[Stored data Boundary: Start]

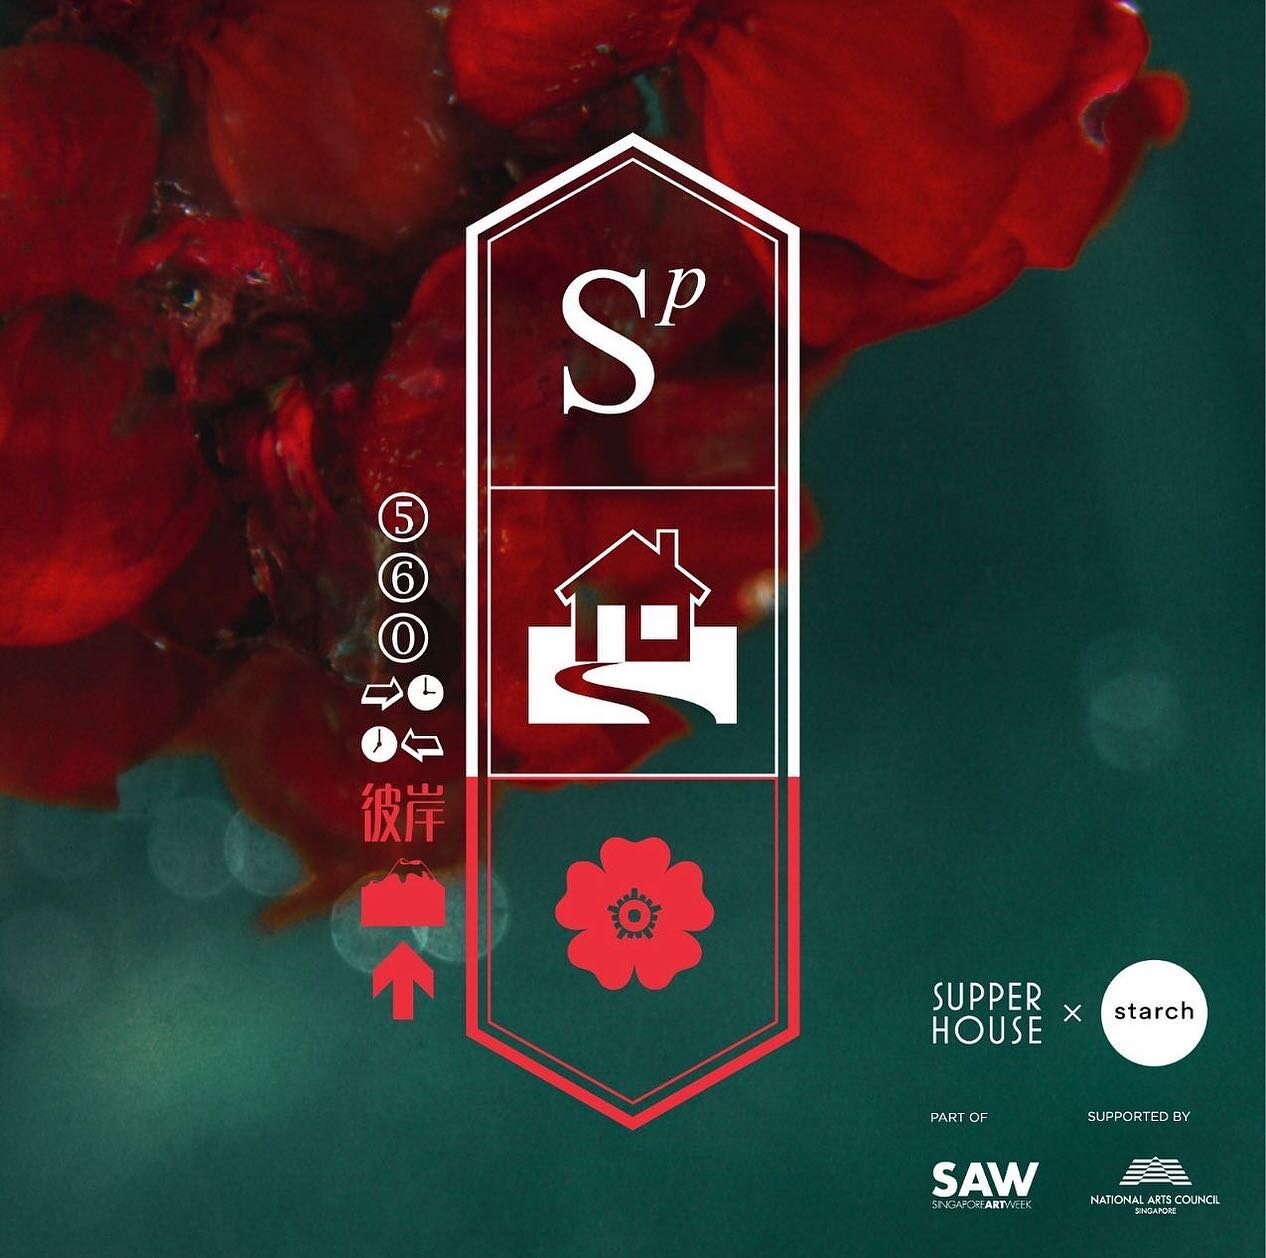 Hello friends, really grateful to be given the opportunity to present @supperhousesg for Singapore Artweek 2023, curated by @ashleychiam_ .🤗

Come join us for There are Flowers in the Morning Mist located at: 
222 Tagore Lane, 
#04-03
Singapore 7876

[Stored data Boundary: End]

» **Task description**
An exact copy of every entry, pictures left out, is what to write here.

» **Exercise response**
 Hello friends, really grateful to be given the opportunity to present @supperhousesg for Singapore Artweek 2023, curated by @ashleychiam_ .🤗

Come join us for There are Flowers in the Morning Mist located at: 
222 Tagore Lane, 
#04-03
Singapore 7876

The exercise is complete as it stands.